24 Feb Timing of Lighting: A Critical Factor Influencing Coat Growth
The duration of day-length and environmental temperature both change over the course of the year and regulate the length and density of a horse or pony’s coat in different seasons. Artificial lighting is often used to help optimise coat growth in our equine charges, to help with thermoregulation when in training and visual aesthetics for the show ring. New research conducted by Equilume’s R&D team has revealed that time of year influences the response to extended daily light on coat growth in horses and ponies. Four studies, conducted in collaboration with University College Dublin, evaluated hair coat changes in horses and ponies when Equilume Cashel Light Masks were fitted at the autumnal equinox, one month after the summer solstice, one month before the winter solstice and one month after the winter solstice. In all cases, light masks were used in addition to blankets to provide warmth through the colder nights and months. The findings were published in the scientific journal PLOS ONE (O’Brien et al., 2020*) and can be summarised as follows:
Starting light therapy in the autumn is too late to prevent the growth of the winter coat
When extended daily light therapy is initiated at the autumnal equinox (corresponding to Sept 21st in Northern climes and March 21st ‘down-under’), it does not reverse the onset of the winter coat growth in horses or ponies. The researchers report that horses will already have perceived a significant reduction in natural daylight hours such that hormones responsible for coat growth will have shifted in their seasonal cycle and cannot then be switched off. Despite exposure to 15 h blue light daily, starting at this time did not prevent horses or ponies from growing a longer winter coat.
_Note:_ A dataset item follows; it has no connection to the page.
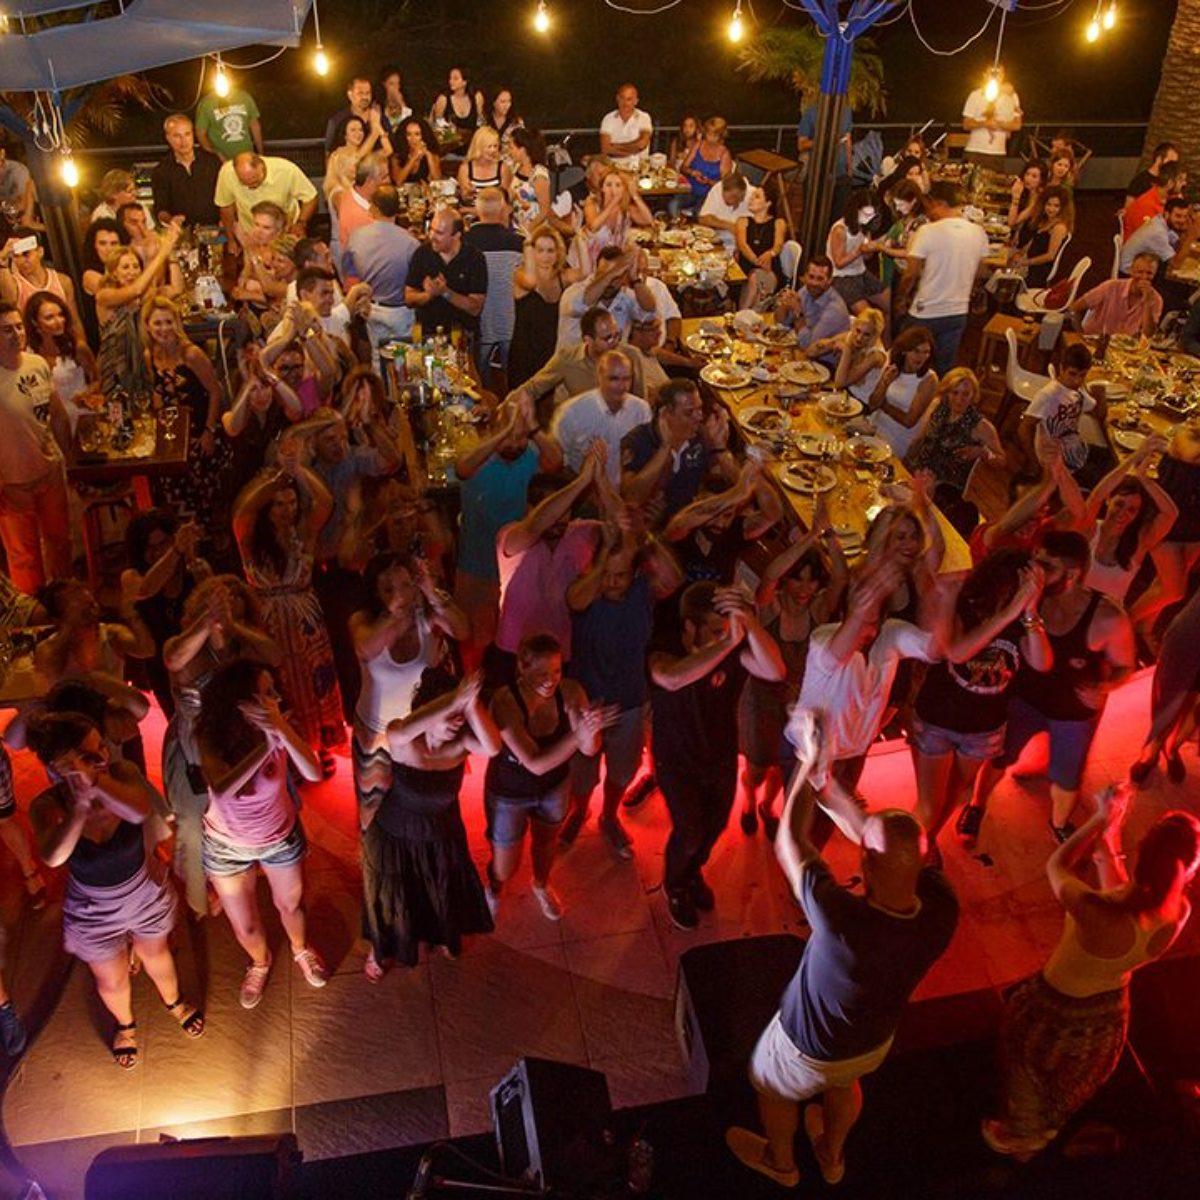 Yiamas Gastro Bar - Καλαμάτα - Μοντέρνα Ευρωπαϊκή Κουζίνα - Events

Starting light therapy within one month of the summer solstice will maintain a summer coat in horses, but less so in some pony breeds
When light masks were fitted on horses and ponies by July 21st, horses maintained a summer coat with only a gradual lengthening of coat hairs by October, whereas ponies started to grow a heavier coat in September despite the long day stimulus provided by the masks. The researchers suggest that the different responses between horses and ponies may relate to their evolutionary adaptations to different environments. The breed of ponies used in the study was Connemara, a rugged indigenous breed accustomed to survival in harsh climatic conditions where the growth of a heavy winter coat would have ensured survival in the wild. The authors of the study suggest that because of this, ponies may need light therapy to start earlier in the year, at the time of the summer solstice, in addition to adequate blanketing to ensure maintenance of a sleek summer coat.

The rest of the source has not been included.